If you have a JavaScript background, you probably have seen the question mark to enable optional chaining. In other words, to optionally access properties of objects which values can be empty. Notice the team variable in the following example doesn’t have a players property. However, we attempt to access a method from the players property as if this property exists in the team object. 

const team = {
    league: "La Liga",
    name: "Real Madrid"
};
team.players?.getTotalSalary();

Without using the question mark ?, the code will crash. However, the question mark enables optional chaining which prevents the code crashing, even if we attempt to access the method getTotalSalary() from a property that doesn’t exist in an object. While concepts such as chaining might work “kind of similar” in Rust, the question mark doesn’t work in the same way in Rust.

What is the question mark (?) operator in Rust?

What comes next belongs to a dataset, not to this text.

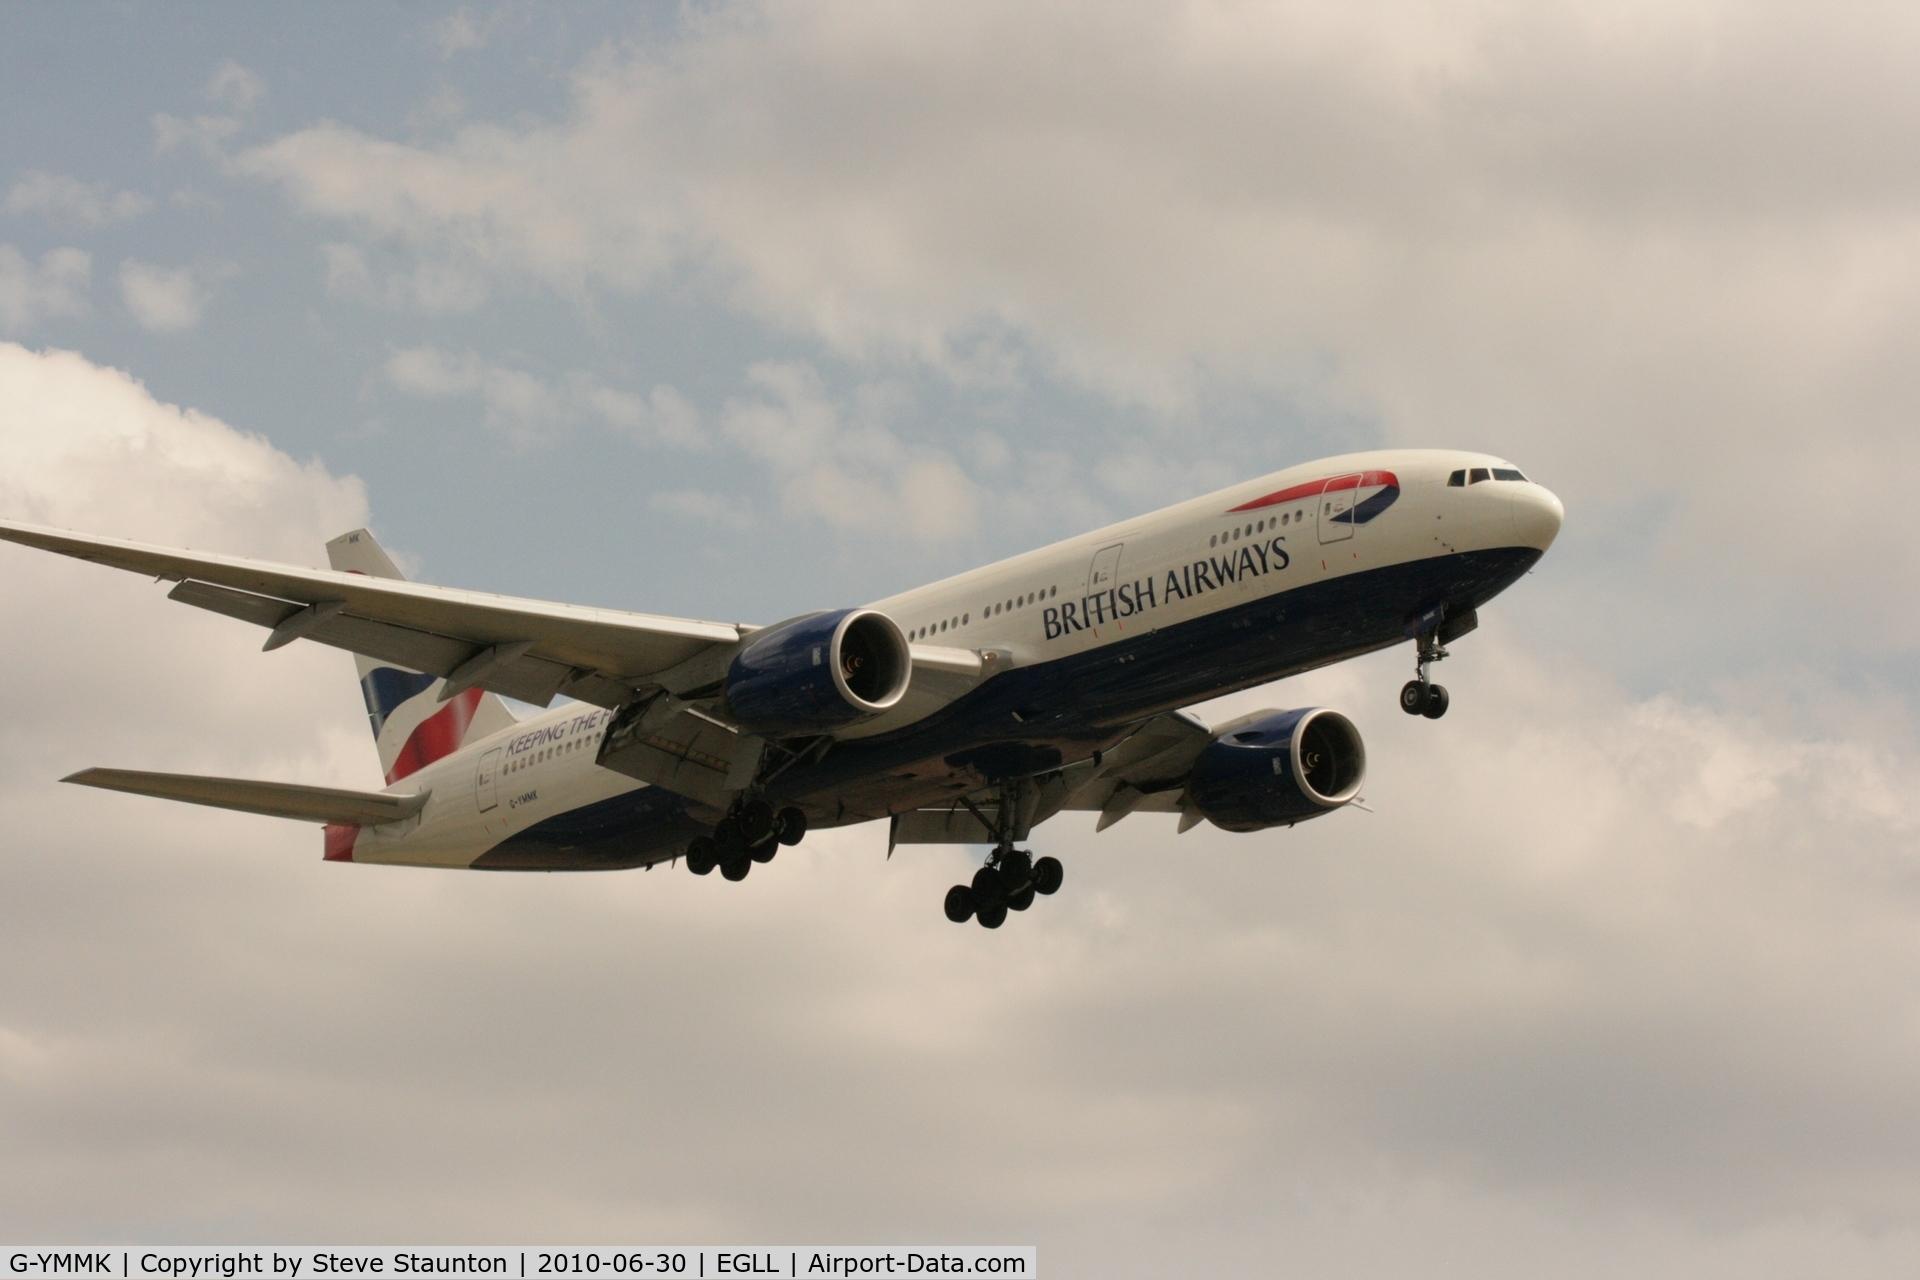 G-YMMK, 2000 Boeing 777-236 C/N 30312, Taken at Heathrow Airport, June 2010

The question mark (?) operator in Rust is used as an error propagation alternative to functions that return Result or Option types. The ? operator is a shortcut as it reduces the amount of code needed to immediately return Err or None from the types Result<T, Err> or Option in a function.

After reading the definition of the question mark operator, it won’t make much sense if we don’t understand what we mean by error propagation in Rust. In this article, we will show a simple error propagation example as well as how the ? operator can reduce the amount of code but still maintain the same logic.

Understanding Error Propagation

Before we move forward with explaining the ? mark operator, do you know what error propagation is?

Error propagation is the process of “propagating“, spreading up or returning error information detected in the code generally triggered by a caller function to allow the caller function to properly handle the problem.

Let’s look at how error propagation works in code using the following example.

fn main() {
    let value = find_char_index_in_first_word(&"Learning the question mark", &'i');

    println!("What is the value {}", value.unwrap_or(1))
}


fn find_char_index_in_first_word(text: &str, char: &char) -> Option<usize> {
    let first_word =  match text.split(" ").next().is_some() == true {
        true => text.split(" ").next().unwrap(),
        false => return None
    };

    first_word.find(|x| &x == char)
}

Notice we have a simple helper function called find_char_index_in_first_word that returns the index of character found in the first word detected on a string literal.

Having said that, if the string literal is Learning the question mark and the character we want to detect is i, then the returned index value will be Some(5) because the first word of the string literal is Learning, which contains the character i in position 5 of the array of characters.

Hence, if we run the previous logic, there shouldn’t be any errors. However, the find_char_index_in_first_word could return Option::None because the return type definition is Option<>. Hence, the caller function is in charge of properly extracting the Option<> value.

To see an example of when the value returned is None, we can update the string literal passed ot the find_char_index_in_first_word to Hello World as the word Hello doesn’t have an i character.

fn main() {
    let value = find_char_index_in_first_word(&"Hello World", &'i');

    println!("What is the value {}", value.unwrap_or(1))
}

To extract the value of an Option<>, you can use the unwrap() method. However, this method can panic or trigger an error if the value attempting to extract is None. That’s why we use a safer alternative method called unwrap_or() in the main function to prevent the code from crashing as it uses instead a default value when value is None.

println!("What is the value {}", value.unwrap_or(1))

Hence, the printed value that you should see in the terminal is What is the value 1 after executing this code.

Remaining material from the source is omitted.